_WHAT TO WORK ON_.
Although the listing contains pictures, reproduce only its text, exactly as written.

_DATA BELOW_.
· · · · ·
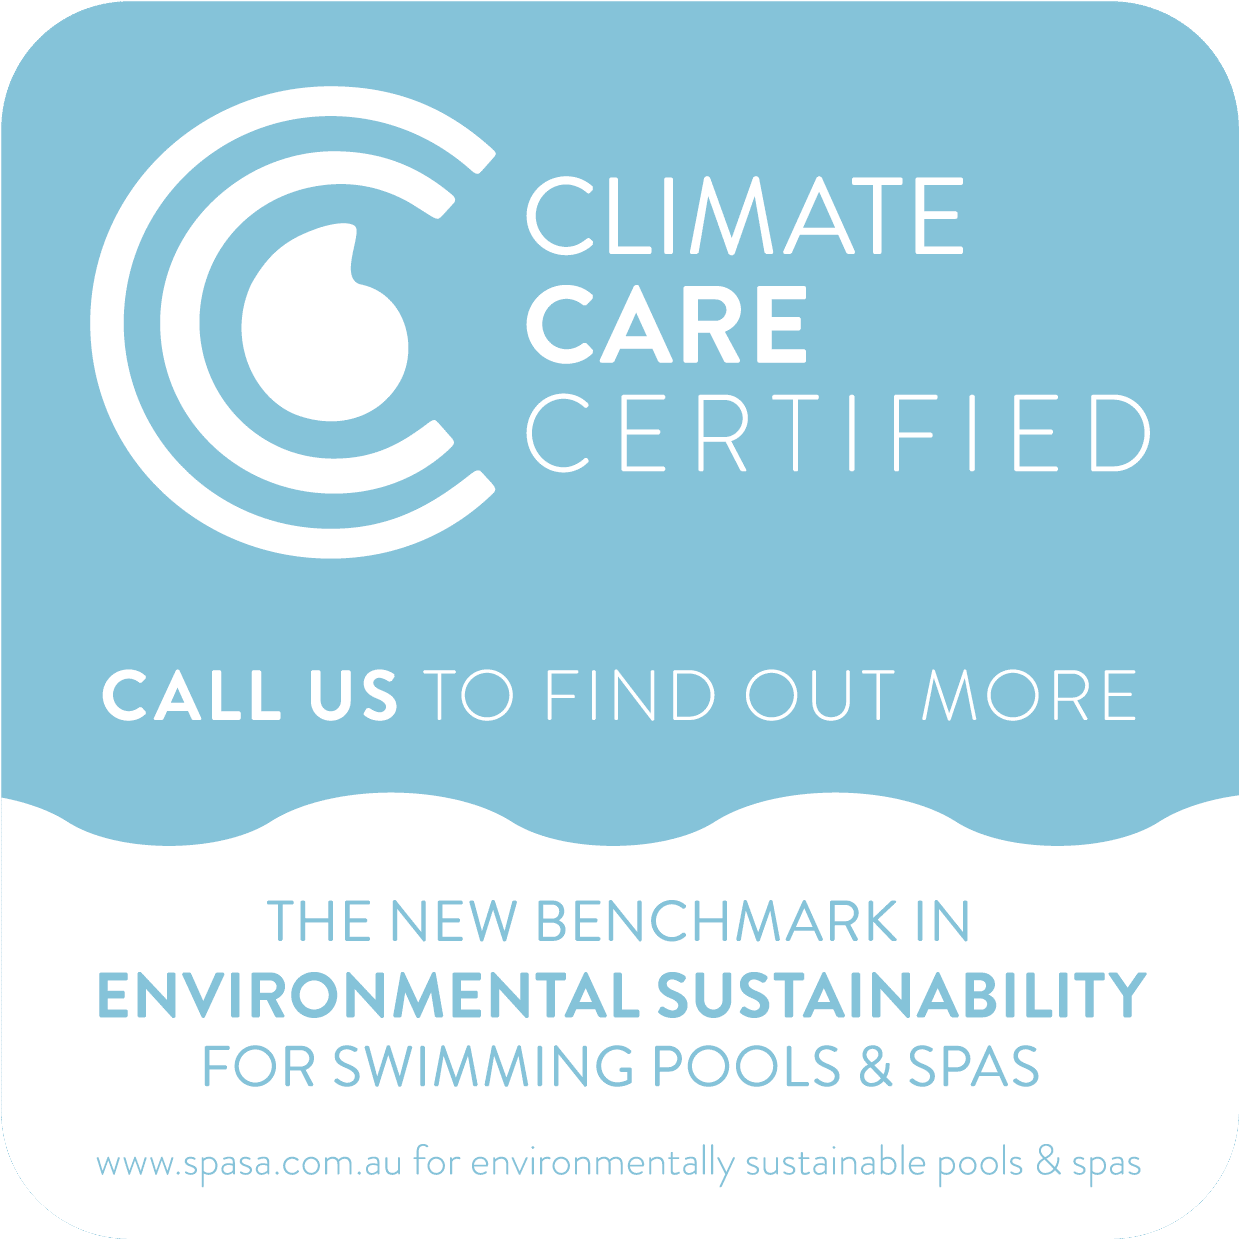 Climate Care Certified Product by SPASA Australia
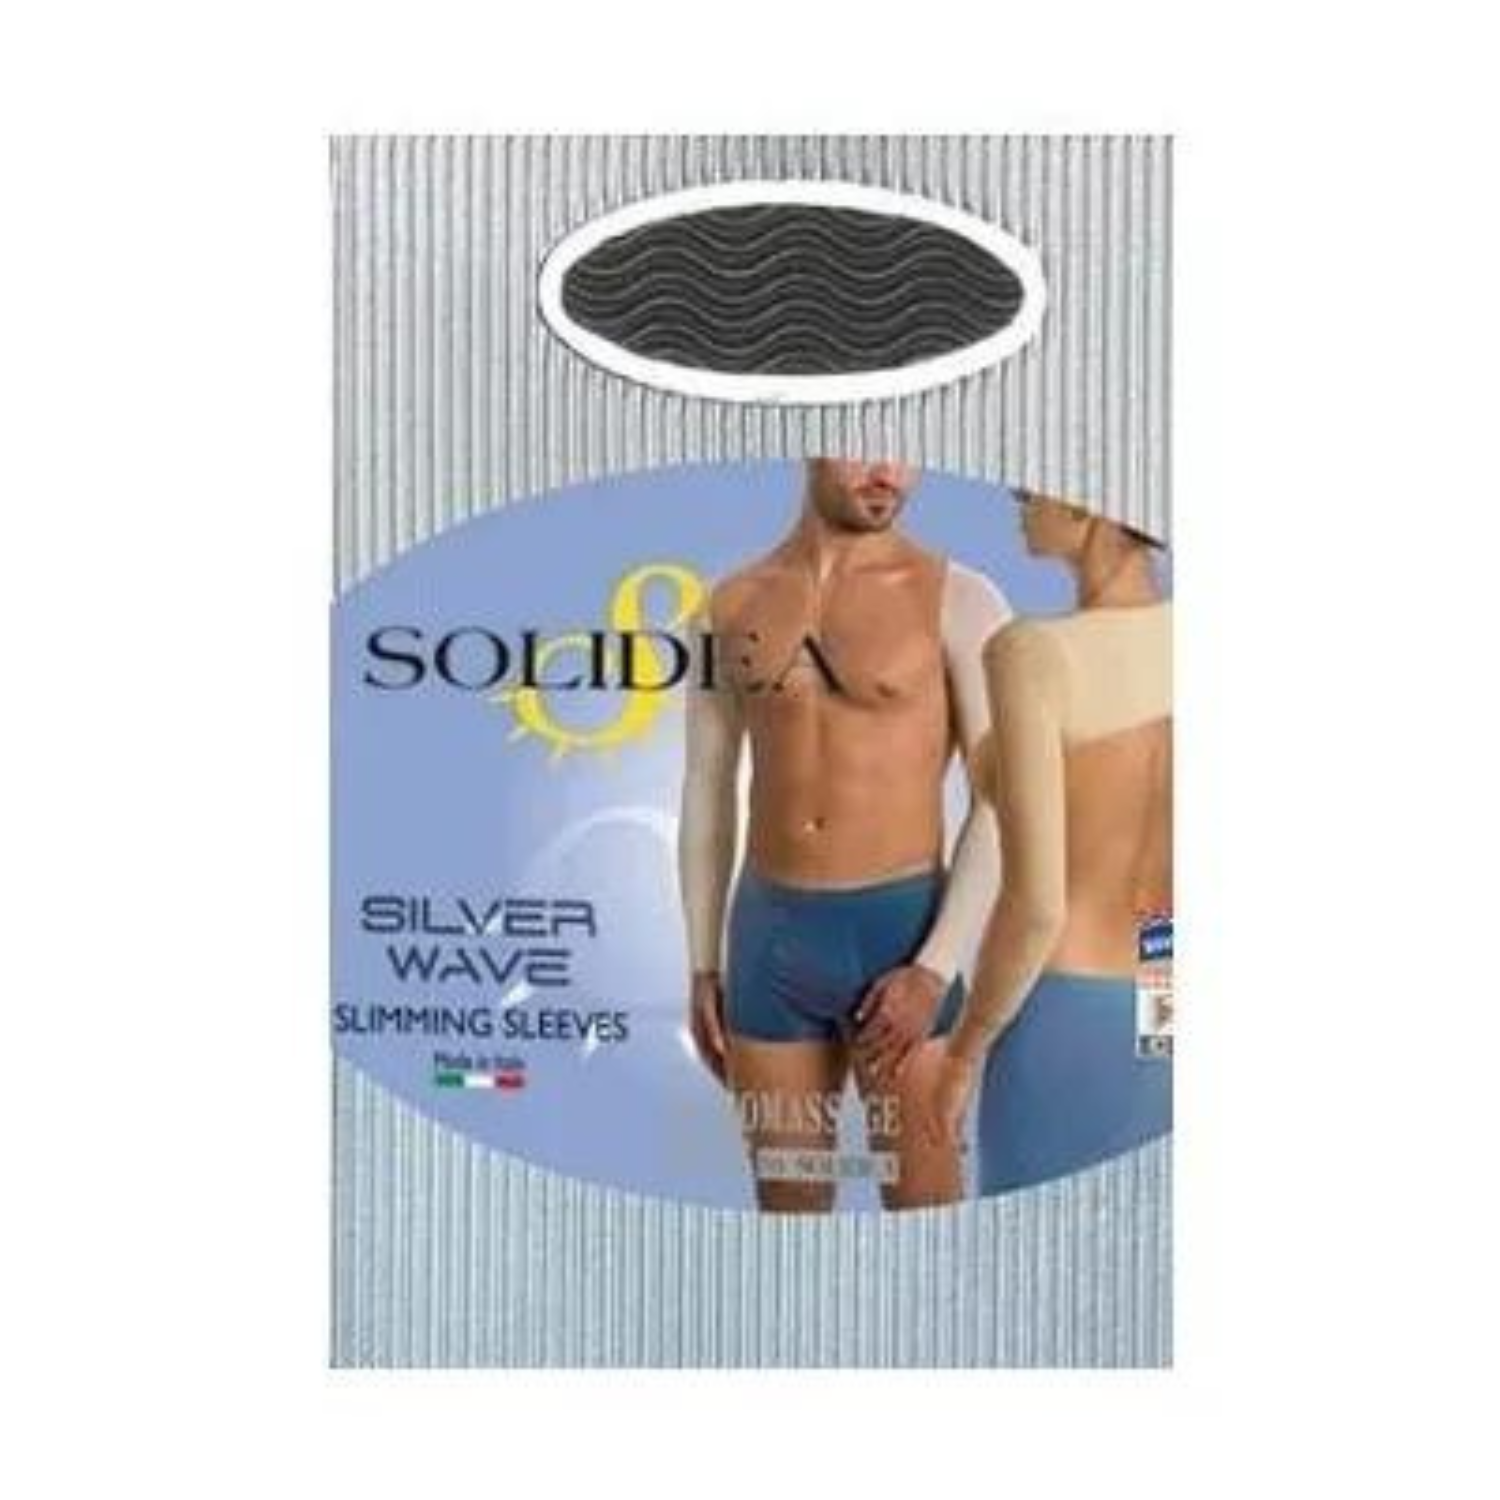 Solidea Silver Wave Slimming Sleeves Hihat 3L Noisette
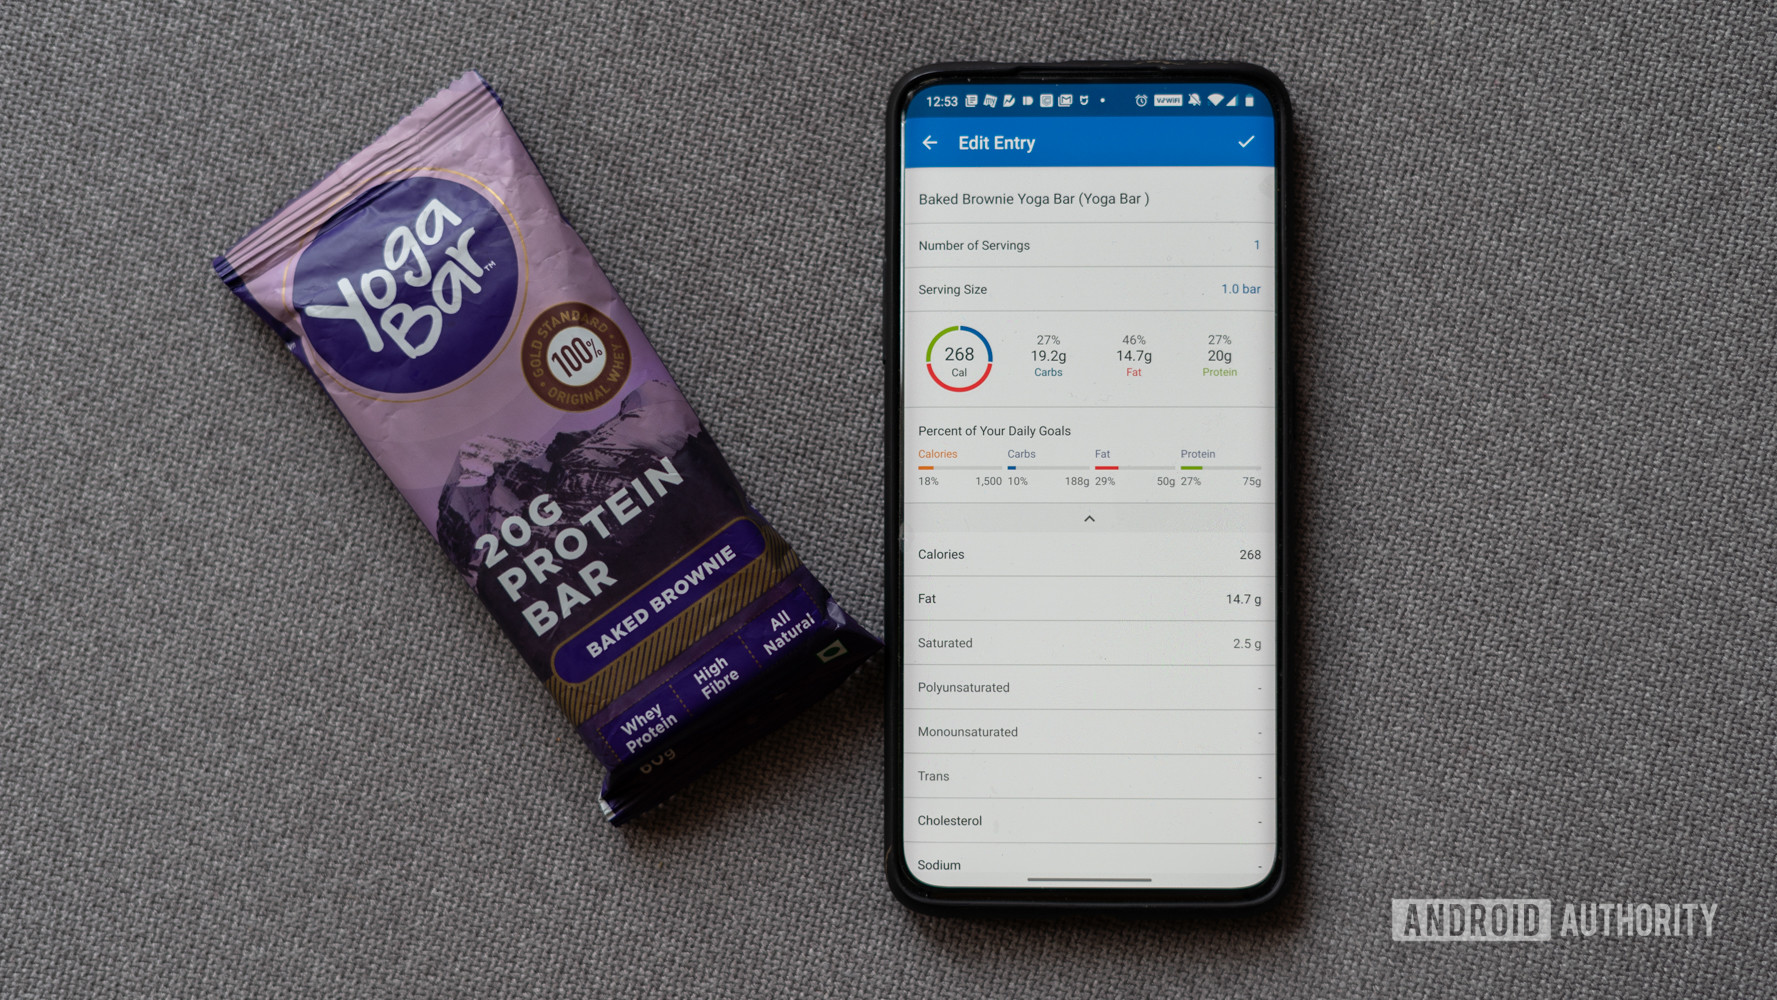 An iPhone displaying a user's calorie tracking data in the MyFitnessPal app rests on a linen surface next to a Yoga Bar protein bar.
· · · · ·
_EXERCISE RESULT_.
 Climate Care Certified Product by SPASA Australia
 Solidea Silver Wave Slimming Sleeves Hihat 3L Noisette
 An iPhone displaying a user's calorie tracking data in the MyFitnessPal app rests on a linen surface next to a Yoga Bar protein bar.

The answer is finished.